DATA TO USE >>
------------------------------------------------------------
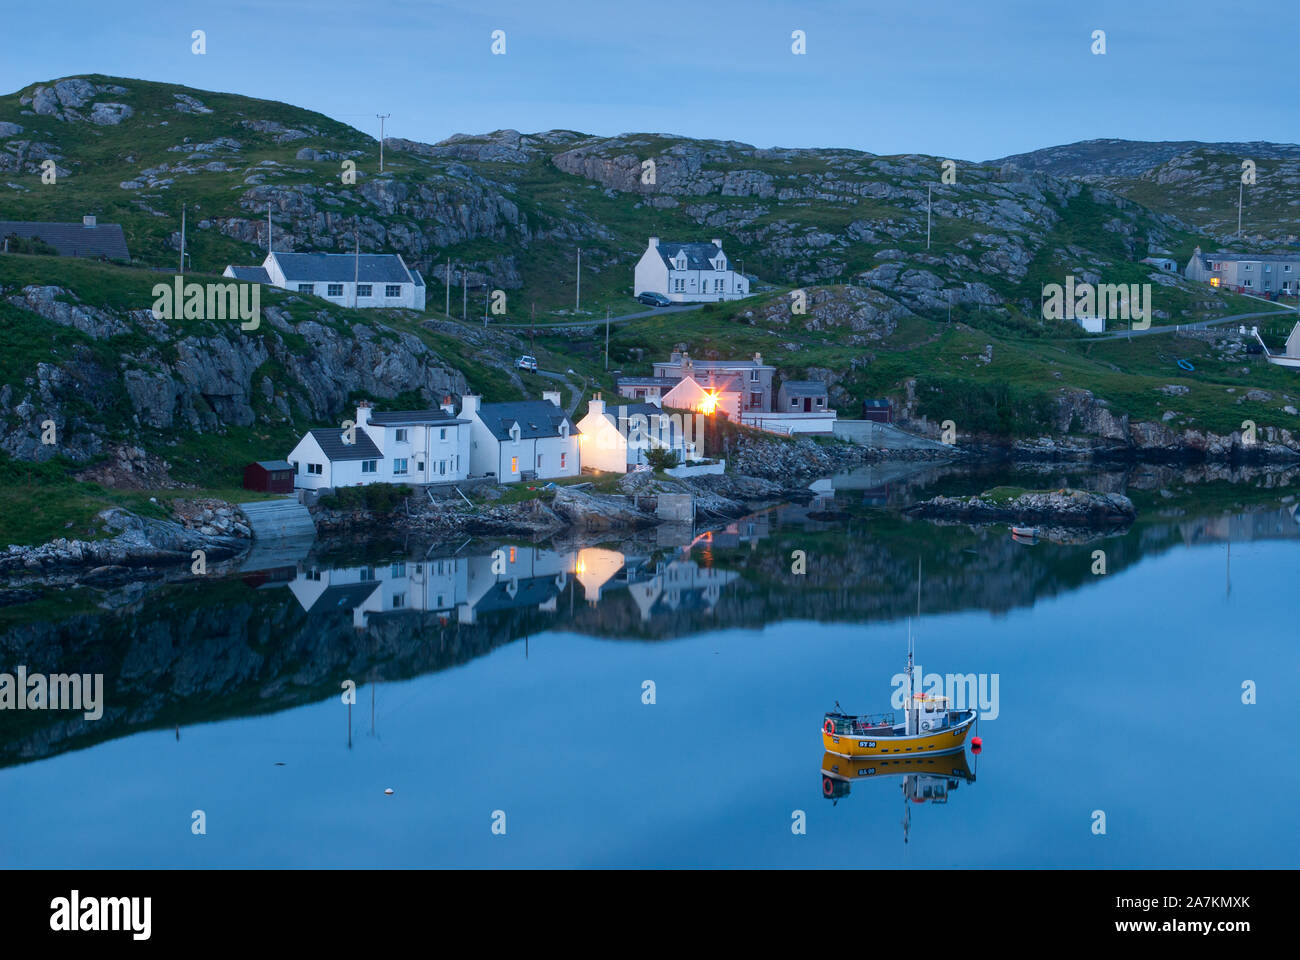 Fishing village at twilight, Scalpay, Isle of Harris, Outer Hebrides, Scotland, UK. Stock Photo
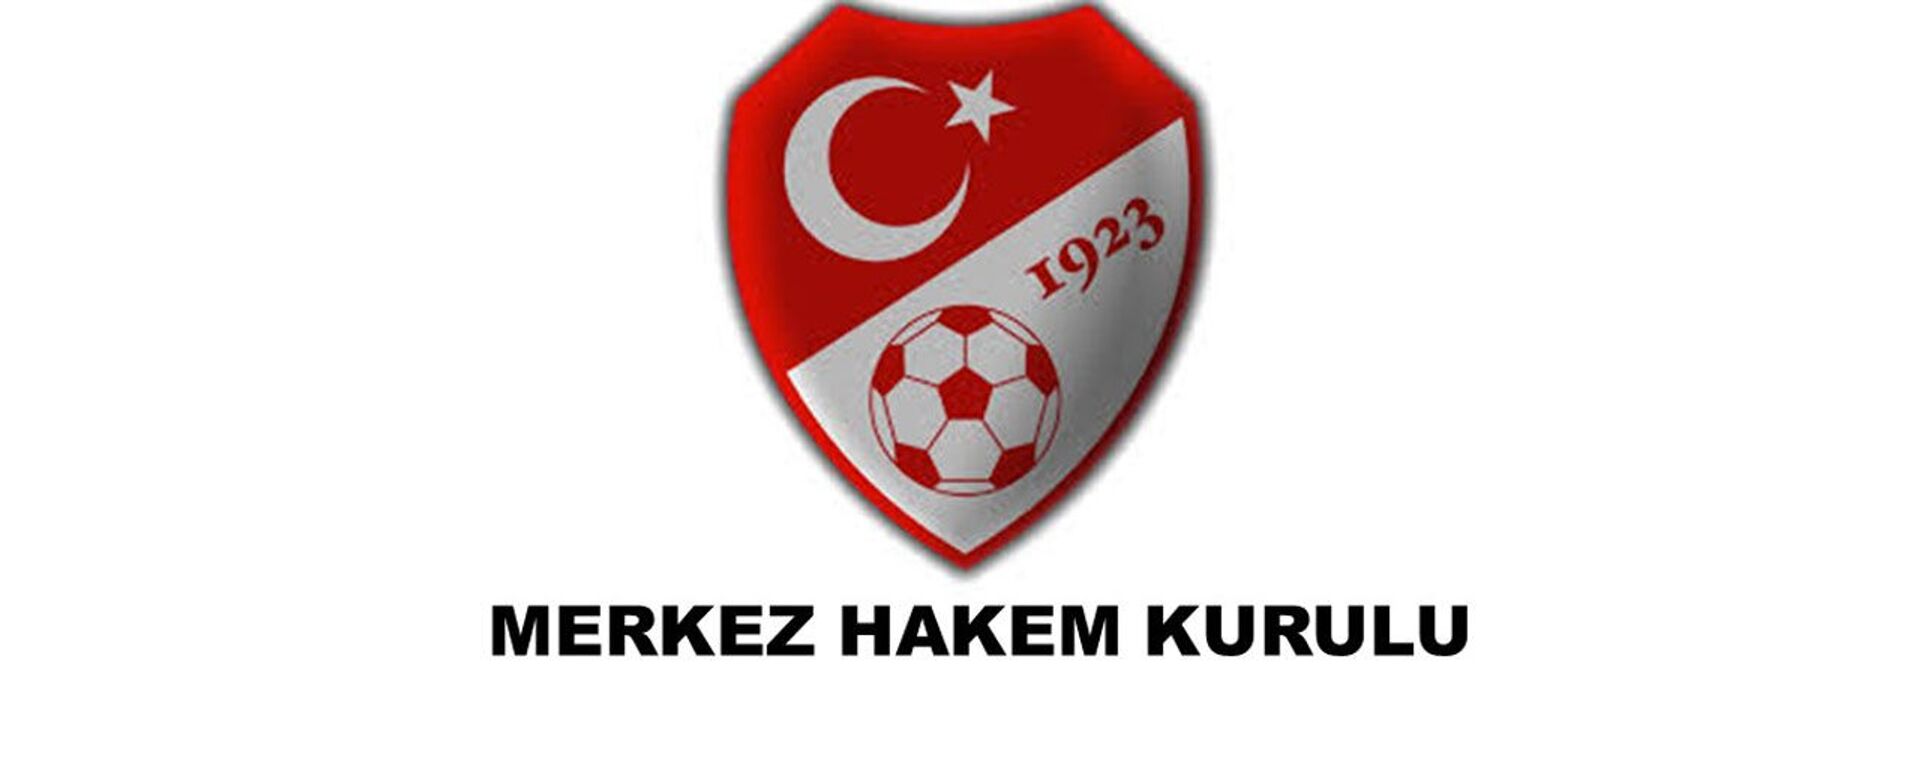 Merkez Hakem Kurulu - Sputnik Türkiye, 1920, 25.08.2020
------------------------------------------------------------
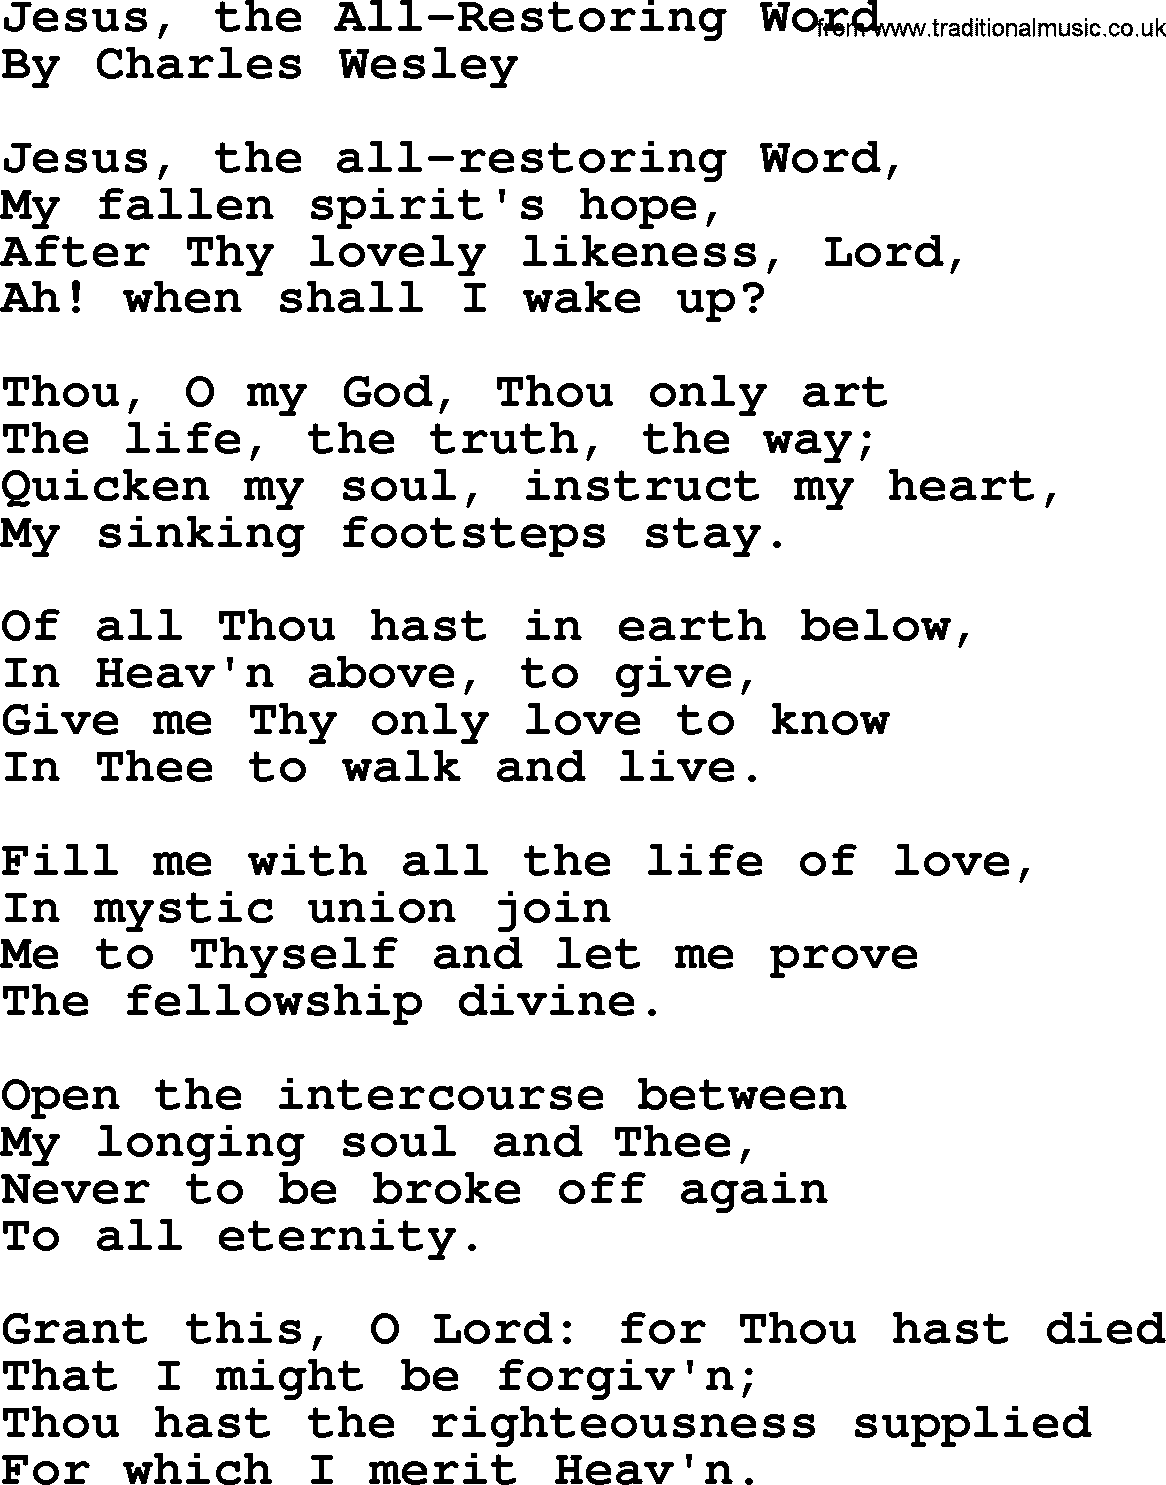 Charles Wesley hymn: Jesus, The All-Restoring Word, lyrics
------------------------------------------------------------
WORK REQUEST >> Within the material above, find the part that opens with the line containing "Fishing village at" and closes with the line containing "Merkez Hakem Kurulu", and reproduce it exactly without the pictures.

ANSWER SECTION >>
 Fishing village at twilight, Scalpay, Isle of Harris, Outer Hebrides, Scotland, UK. Stock Photo
 Merkez Hakem Kurulu - Sputnik Türkiye, 1920, 25.08.2020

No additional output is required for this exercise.